■ **DATA SHOWN**

* * * * *

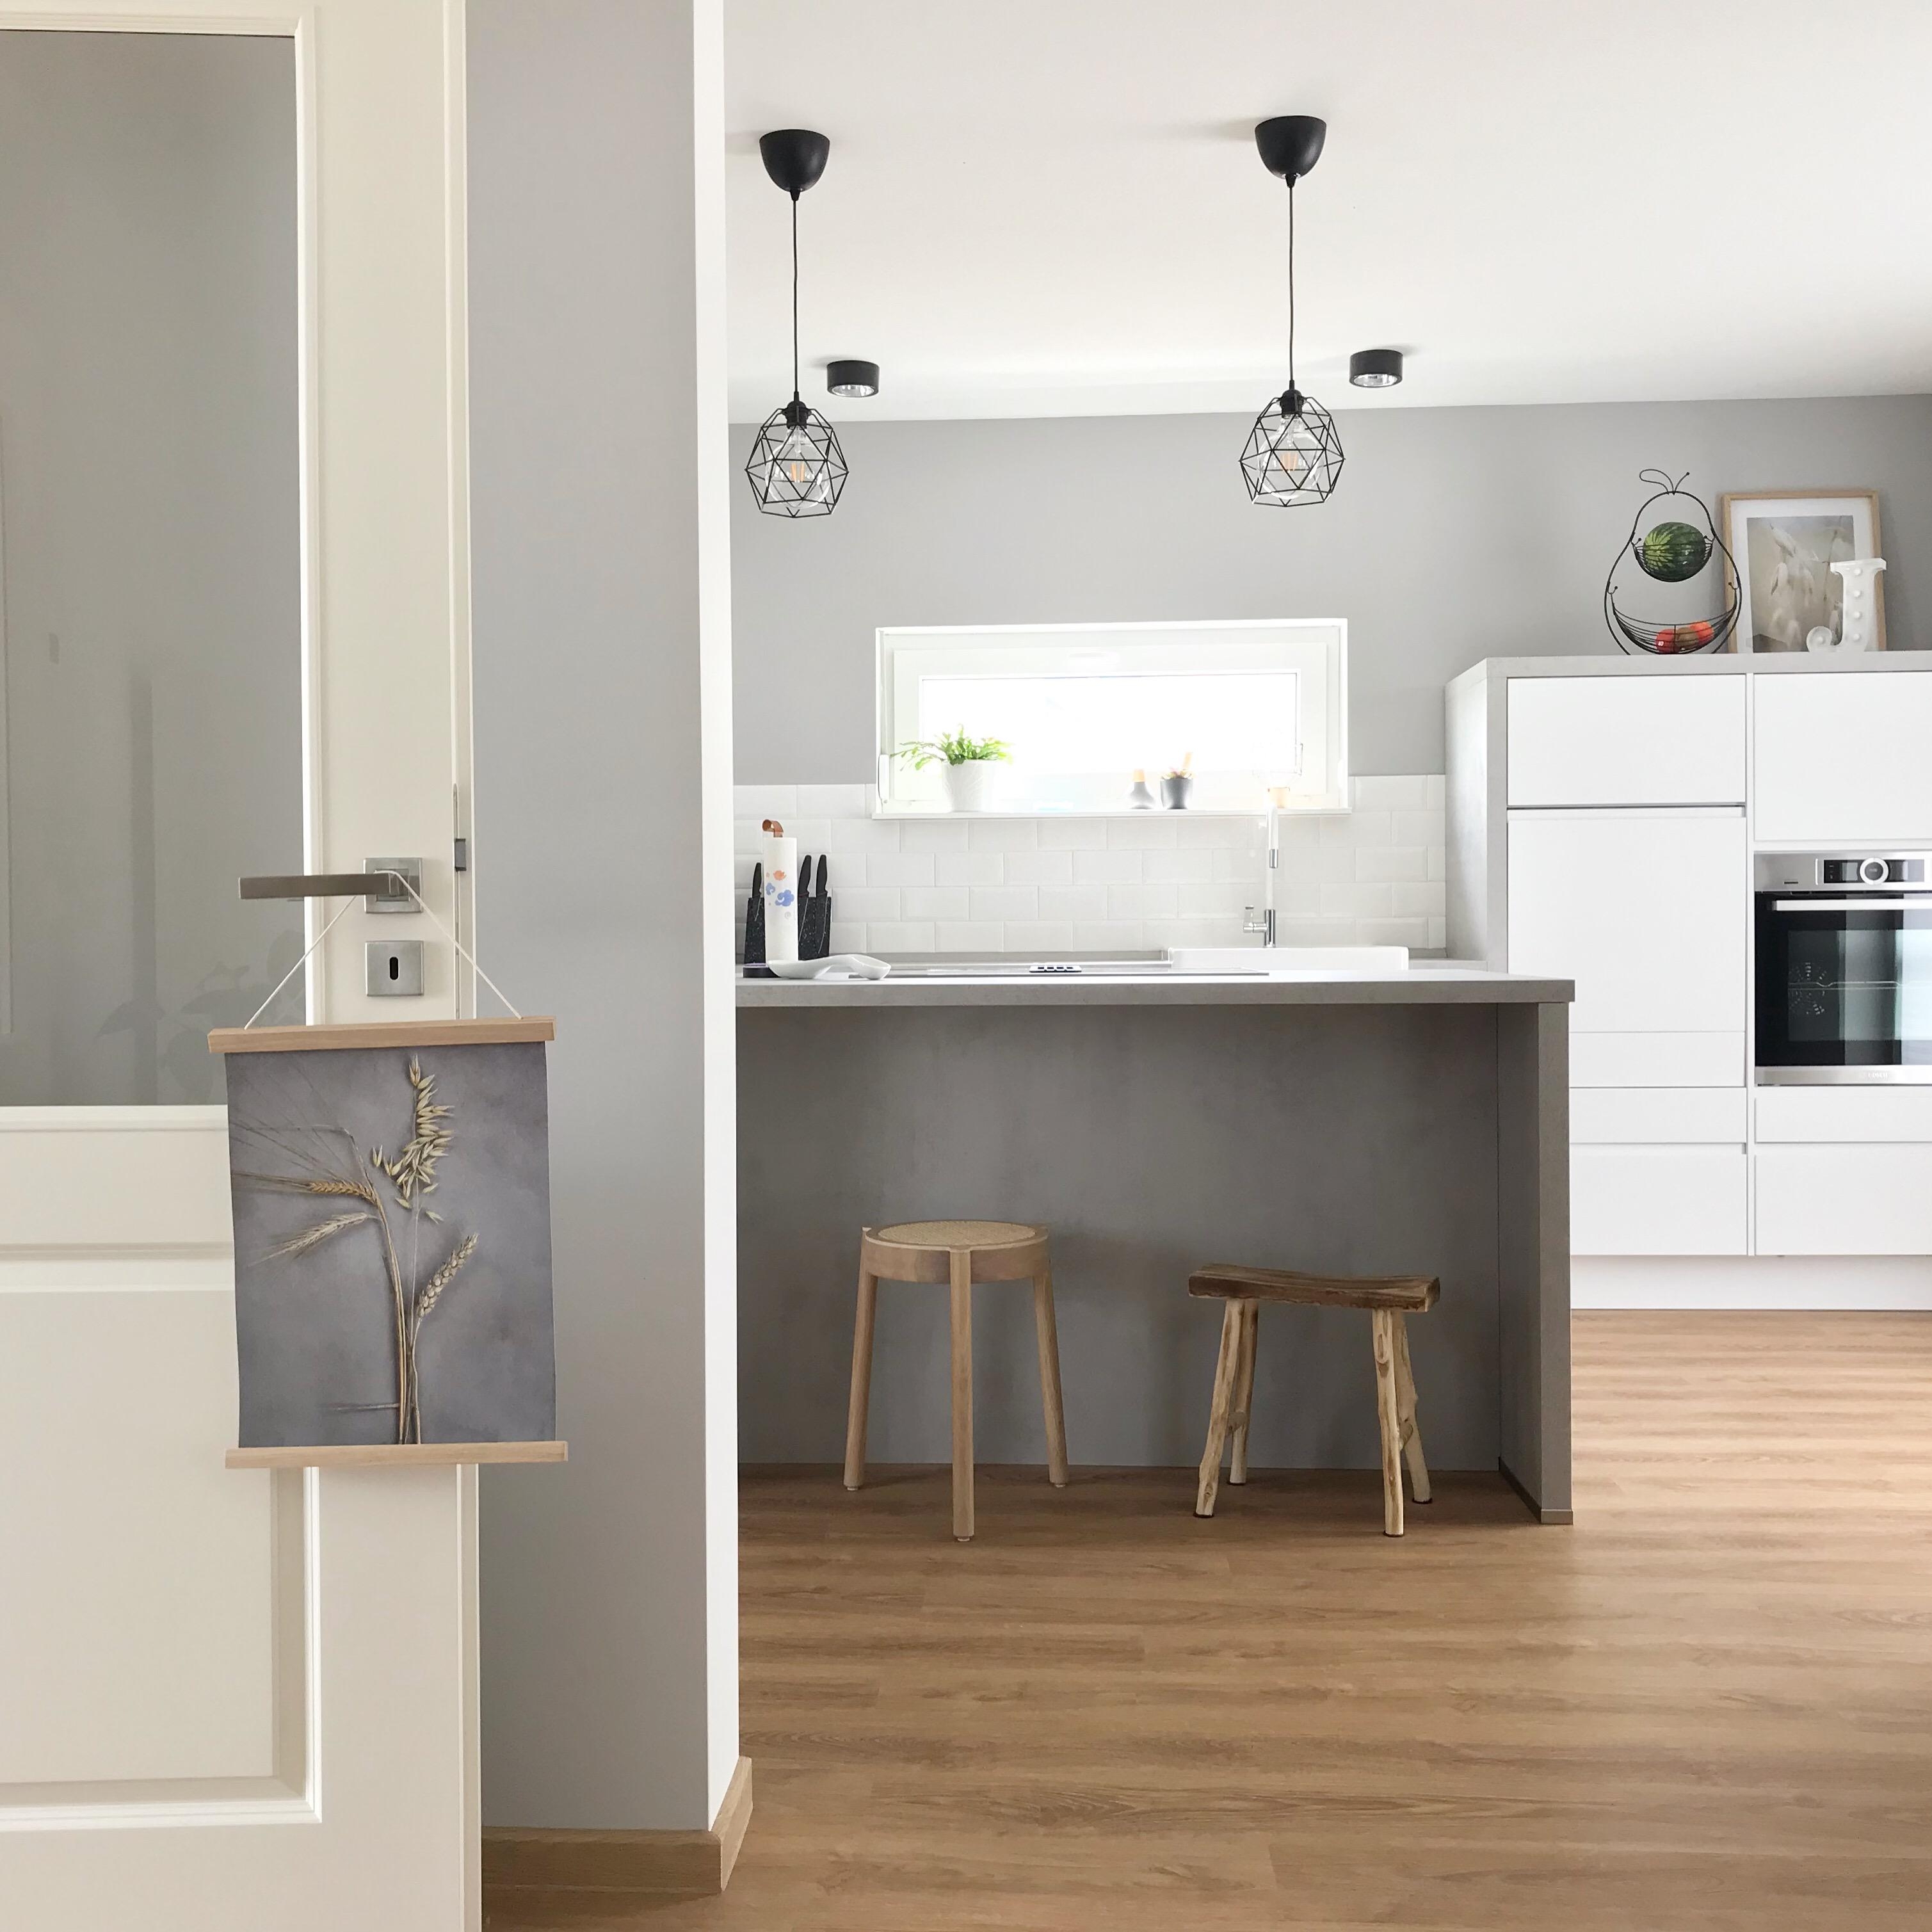 #scandistyle #livingchallenge 
Die Küche ist schon so richtig schön skandinavisch bei uns, die anderen Räume folgen 🌿 
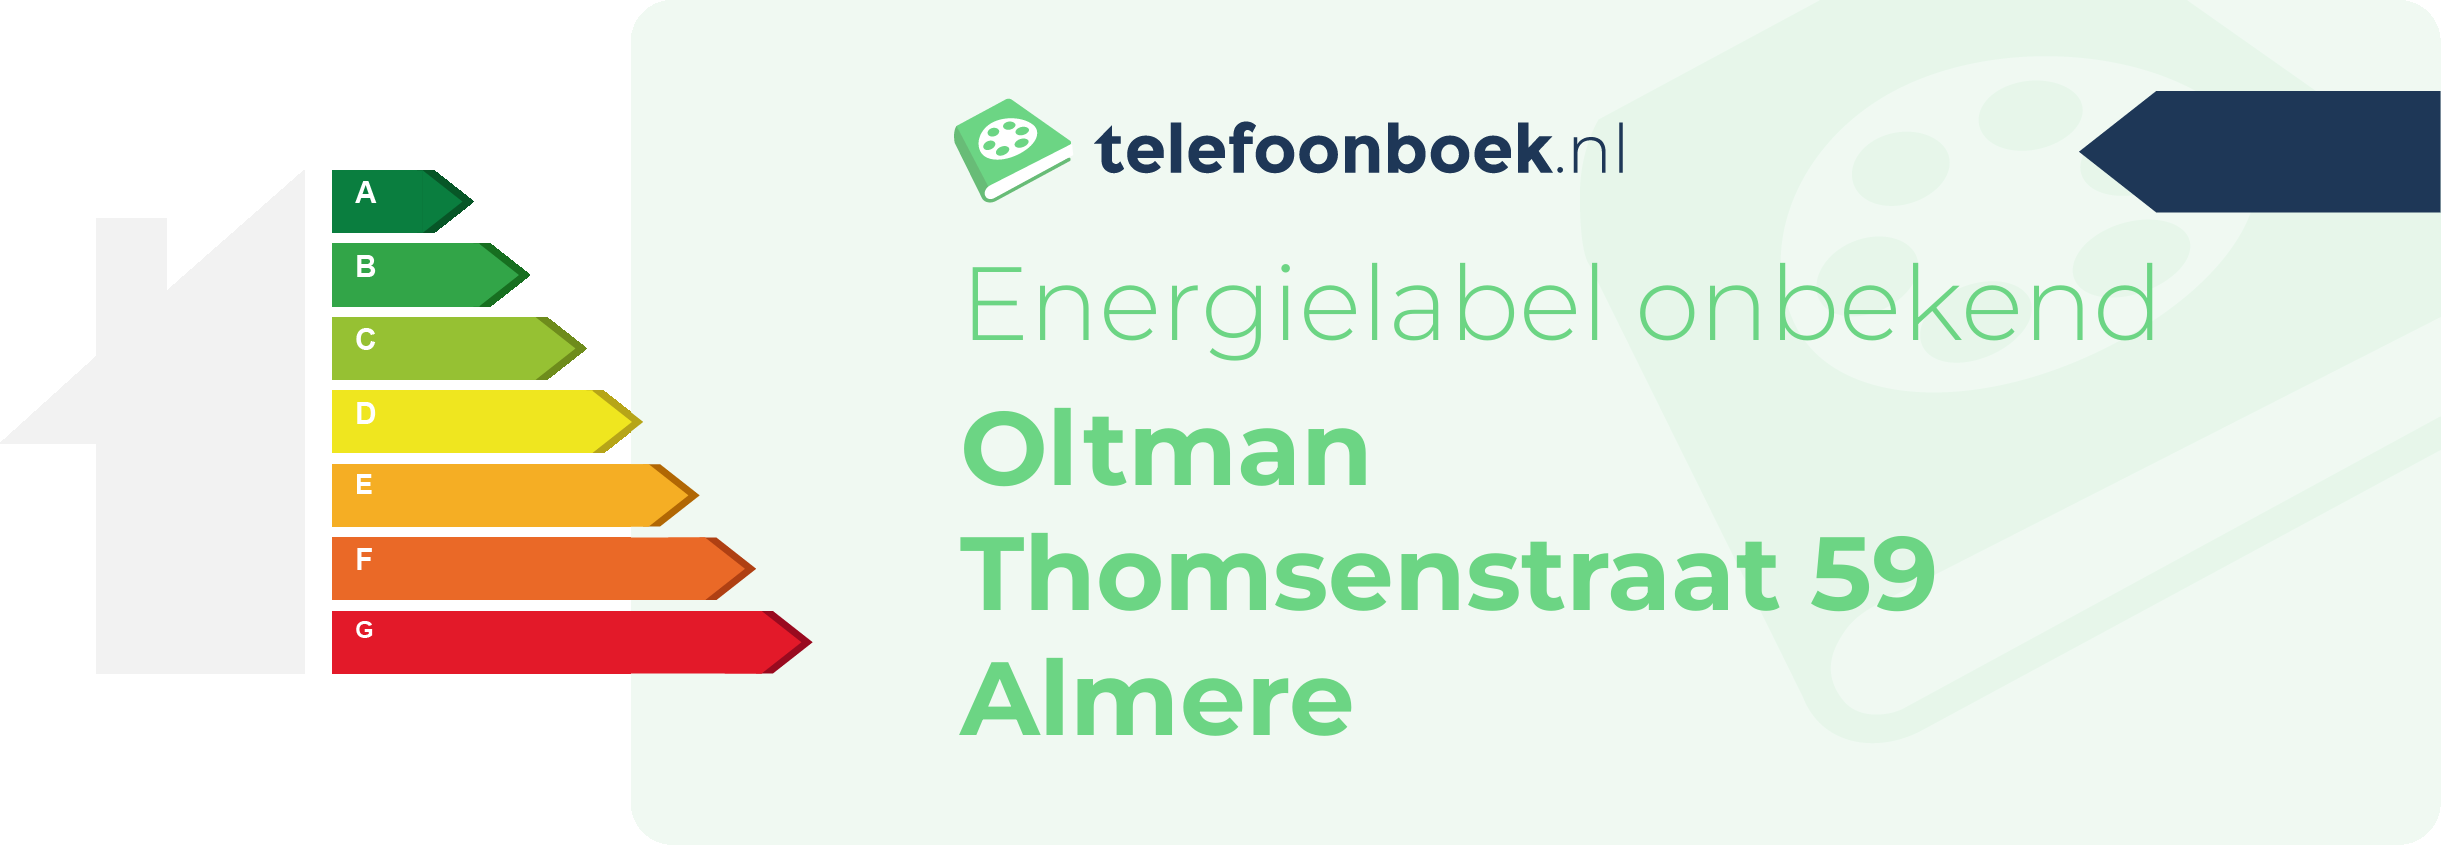 Energielabel Oltman Thomsenstraat 59 Almere

* * * * *

■ **EXERCISE GOAL**
Restate word for word the lines above that start at the line containing "Die Küche ist" and run to the end of the listing; exclude the pictures.

■ **ANSWER SECTION**
Die Küche ist schon so richtig schön skandinavisch bei uns, die anderen Räume folgen 🌿 
 Energielabel Oltman Thomsenstraat 59 Almere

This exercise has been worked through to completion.